Better Roads Staff
For most of the project, FNF ran 23 belly dump trucks, most of them doubles, to haul asphalt out to the project. By using the same trucks to back-haul reclaimed-asphalt pavement (RAP) from the mill to the stockpile, FNF significantly boosted trucking efficiency. If milling and paving had been done with separate trucks, the project would have required a total of about 35 trucks.
FNF figured the more efficient operation into its bid. “It worked out real well, and cut down tremendously on the number of trucks we needed and, therefore, the trucking hours,” says Amator. Most of the truck tractors were made by Kenworth or Navistar (International).

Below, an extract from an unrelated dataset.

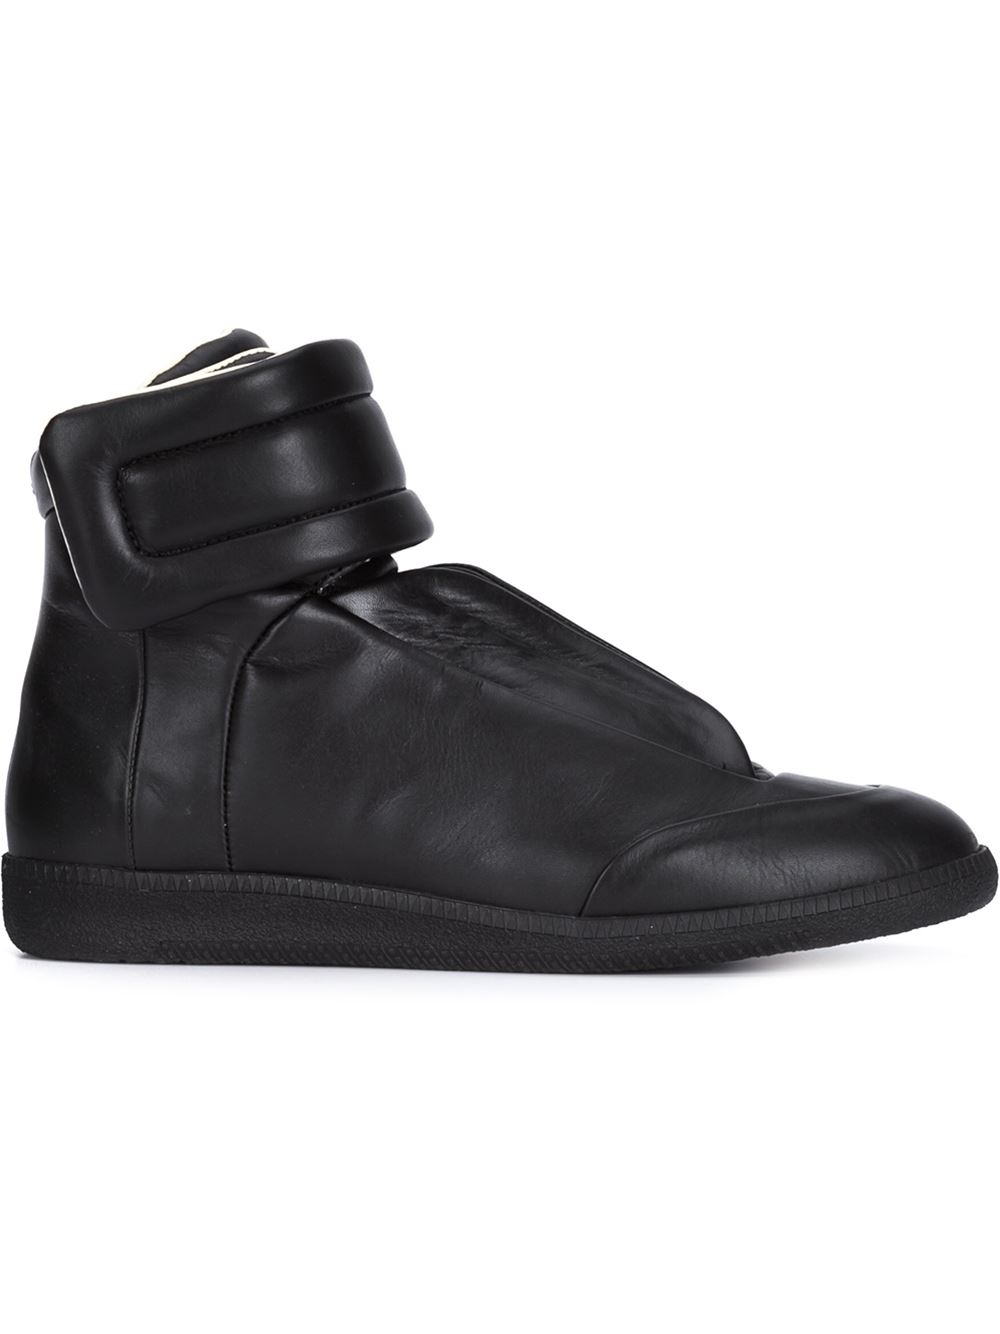 Maison Margiela Ankle Strap High-Top Sneakers in Black for Men | Lyst

And by using double trucks, FNF could haul up to 26 tons of payload per hauling unit. By contrast, a street belly dump can only haul 24 tons. FNF used a few single-trailer belly dumps for locations, such as bridges, that required the trucks to back up. Double trucks don’t back up very well.
As is common in the Western United States, the trucks laid down a windrow of asphalt, in this case in front of a Cedarapids pickup machine. For paving, FNF used a Caterpillar AP 1055 paver. Compaction was accomplished by three Caterpillar Model 634 rollers, all steel-wheeled machines.
The breakdown roller ran close behind the paver and made six passes. Behind that came the intermediate roller, which typically made four passes in vibratory mode. “And once the asphalt cooled down to about 180 degrees, we put a finish roller on it and ran that one in static mode,” Amator says. “We would make two static passes to finish off the compaction effort.” With the placement of a 1⁄2-inch open graded wearing course, the paving was complete.
ADOT allows up to a $4.00 per ton bonus for mix quality. Half of that comes from meeting asphalt content and gradations, and the other $2.00 can result from achieving compaction. “We averaged about $2.30 of the $4.00 per ton possible bonus on that,” Amator says.
For ride quality, ADOT awards bonuses for an International Roughness Index of anything below a 39. FNF averaged a 28 on the IRI – and won smoothness bonuses of $250,000.
How was that smoothness achieved? “We ran leveling skis on the milling machine itself,” says Amator. “And we had leveling skis on the paver also. We try to maintain a constant speed with our paver, and had good communications between the hot plant and the paving crew. If the hot plant had to slow down for any reason, the paver would do the same, to match the plant’s production rate. That way we seldom have to stop the paver.
“Plus we had a very experienced paving crew out there. Rick Allen was our paving superintendent, and he has more than 35 years of experience at this. The project went very well. We were very pleased. And again, that success doesn’t come from FNF alone – ADOT was a very good partner for us.”
County Road F gets an ‘A’
It can get warm in Wisconsin in June.
This past June, Calumet County became ready to lay the surface course of asphalt on a 4.7-mile stretch of County Road F in Wisconsin. The county hired Northeast Asphalt of Greenville, Wis.
Says Craig Van Beek, project manager for Northeast Asphalt: “We would pave part of the project with warm mix and the remainder with hot mix,” says Van Beek. “The county was excited about the idea, so we proceeded. The total overall tonnage on the project was 9,320 tons, and of that, we used a warm-mix additive for 2,320 tons. It worked out well.”